Oil on canvas 20x24in

$2060.00

Out of stock

One with you
I come from you
Like an extension of you
That lives within you

Around me, walls
The warmth of your curves
From which one day
Will open a door
From this tent of mine
For me to see your eyes

What shall I be called?
I can tell
But can you hear?
Thank God our ears can be found
In places like our heart

For you formed my inward parts; you knitted me together in my mother's womb. I praise you, for I am fearfully and wonderfully made. Wonderful are your works; my soul knows it very well. My frame was not hidden from you, when I was being made in secret, intricately woven in the depths of the earth. Your eyes saw my unformed substance; in your book were written, every one of them, the days that were formed for me, when as yet there was none of them.” (Psalm 139:13-16)

Oil and mixed media on canvas
Mixed media: spray paint, acrylics and fabric



The Story Behind The Painting:

I was home, when I felt a very strong nudging in my spirit to paint. I didn't necessarily wanted to paint, so I knew God wanted to paint something. So I opened my two hands and dais to Him: “Holy Spirit, paint whatever You want to paint.”

I then started painting, without thinking too much about what I was doing. I took a golden spray paint and started covering the middle of the canvas with it. After using the spray paint, I took some green acrylic paints and painted around the golden paint. I did that until the bean shape that had been created by my laying of the green paints caught my attention. I said: “It looks like a placenta, let's put a baby inside.” 
So I started looking on Pinterest for pictures of babies int he womb. And I heard God's voice. He said exactly this: “You will put a star of David on his belly button.”

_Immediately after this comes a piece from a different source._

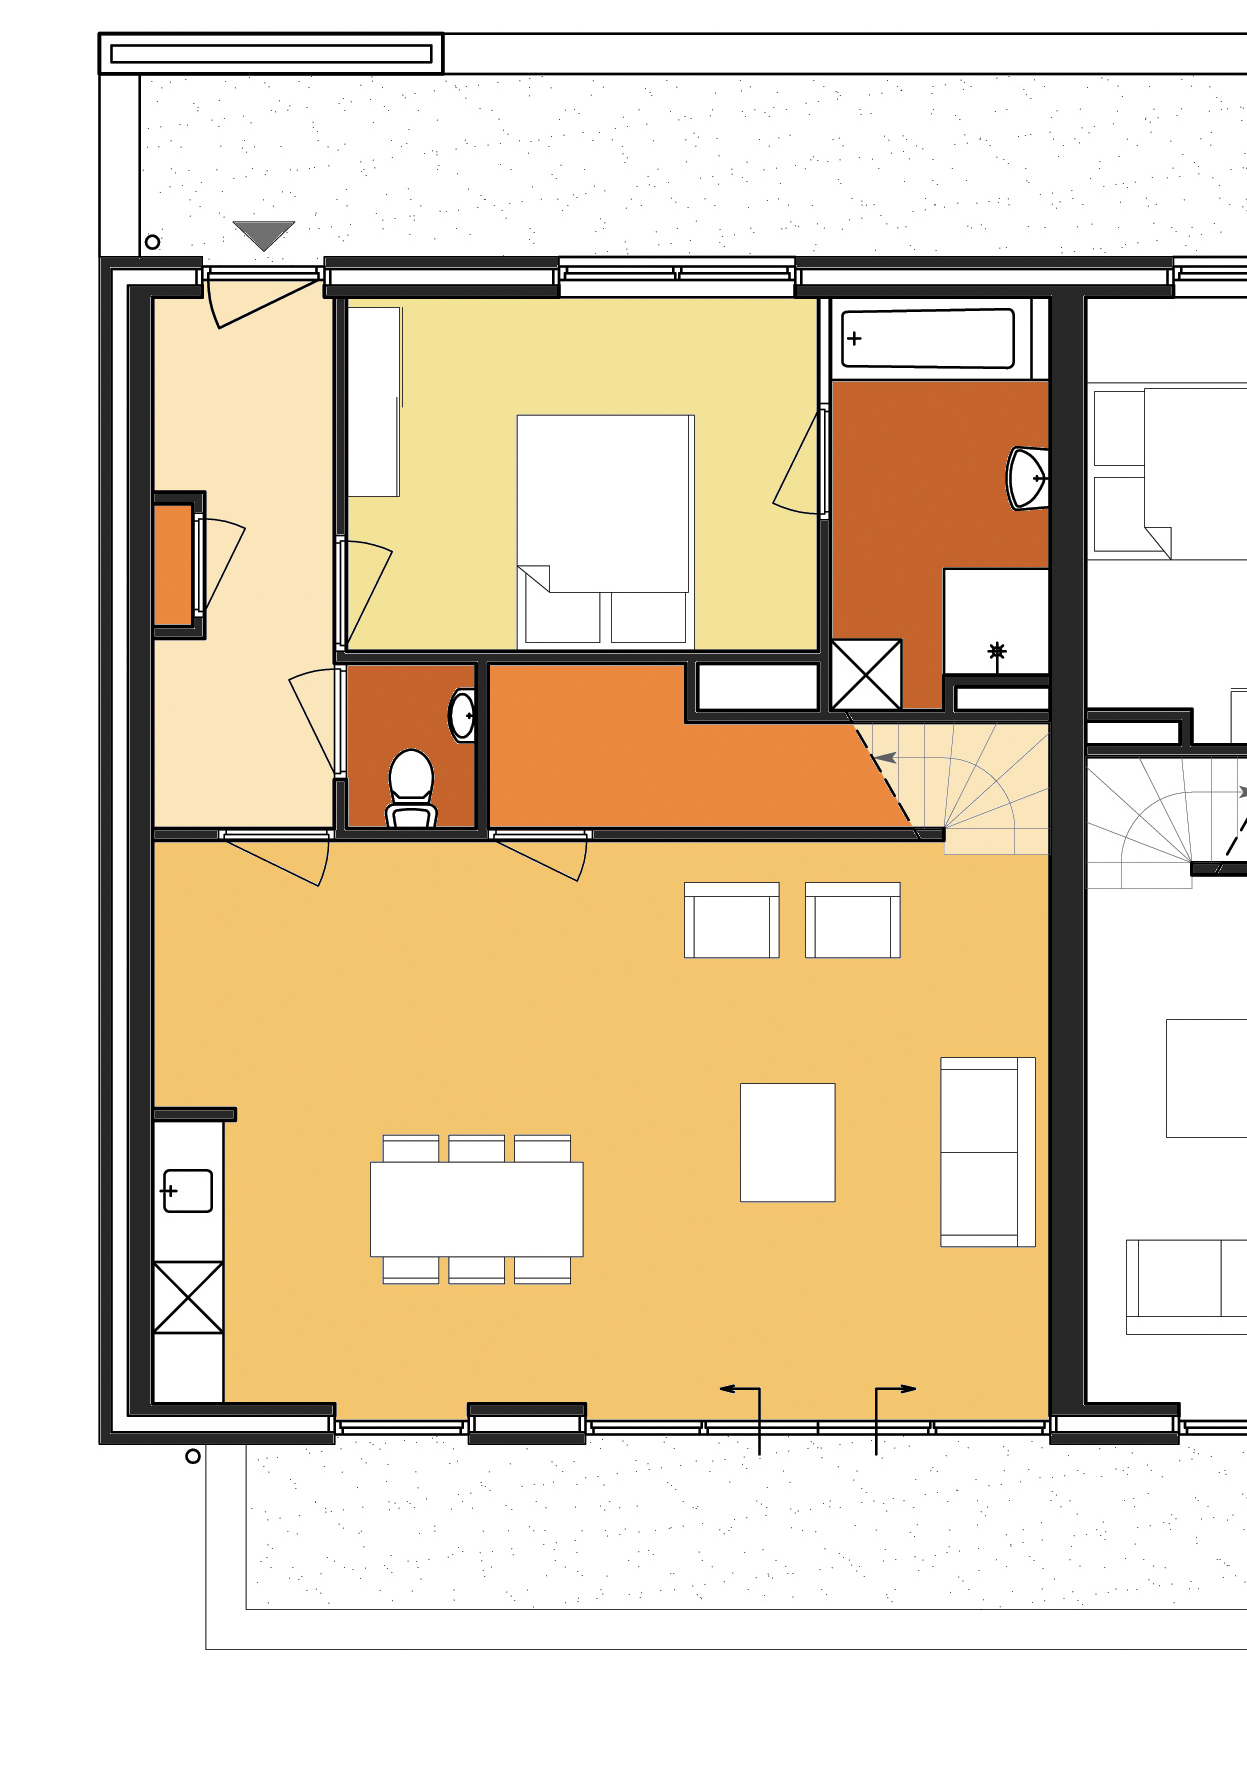 I I Appartement type I - 165 m 2 (bruto vloeroppervlak)

The voice was inside of me, but as clear and precise as the words I just wrote. I said: “Ok Muriel, You're going too far with this your creative mind.” I thought it was just my mind. But these words wouldn't leave. For about a month, I would ask God to tell me why He wanted me to do that if it was Him speaking to me. I just didn't want to put a star of David because I heard it. God had told me that art is a portal, so I had to be careful with whatever I put on my paintings. 

But no explanation. Every time I would ask, I would receive the same answer: “Put a star of David on the belly button.”

And I started seeing stars of David everywhere. And one day, I surrendered. I said to The Lord: “I will obey, Lord. Maybe You will show me the meaning, or show someone, or I will know it in Heaven, but any way I will obey.”

About 2 weeks after I had surrendered, I was on a bus going from Lyon to Paris, searching online a link between the star of David and babies. I opened a page, and I saw it, children wearing the star of David on their coats! It all came together! Abortion is today's Holocaust.

I am so humbled and moved by the Heart of God. He loves babies so much. He made them, and He cherishes them from second one.

Just like the Jews couldn't defend themselves, babies in the womb can't.

Just like the Jews were not considered a race, babies in the womb are not.

And just like eyes have opened to the atrocity of the massacre of Jews, one day eyes will open on the atrocity of the massacre of babies in the womb.

The place that once was the most secure place for a baby –the tent of his/her momma's womb– has become the most dangerous.

This painting is an invitation to love, to repent from selfishness and to consider our neighbor's interest above ours – this is true love.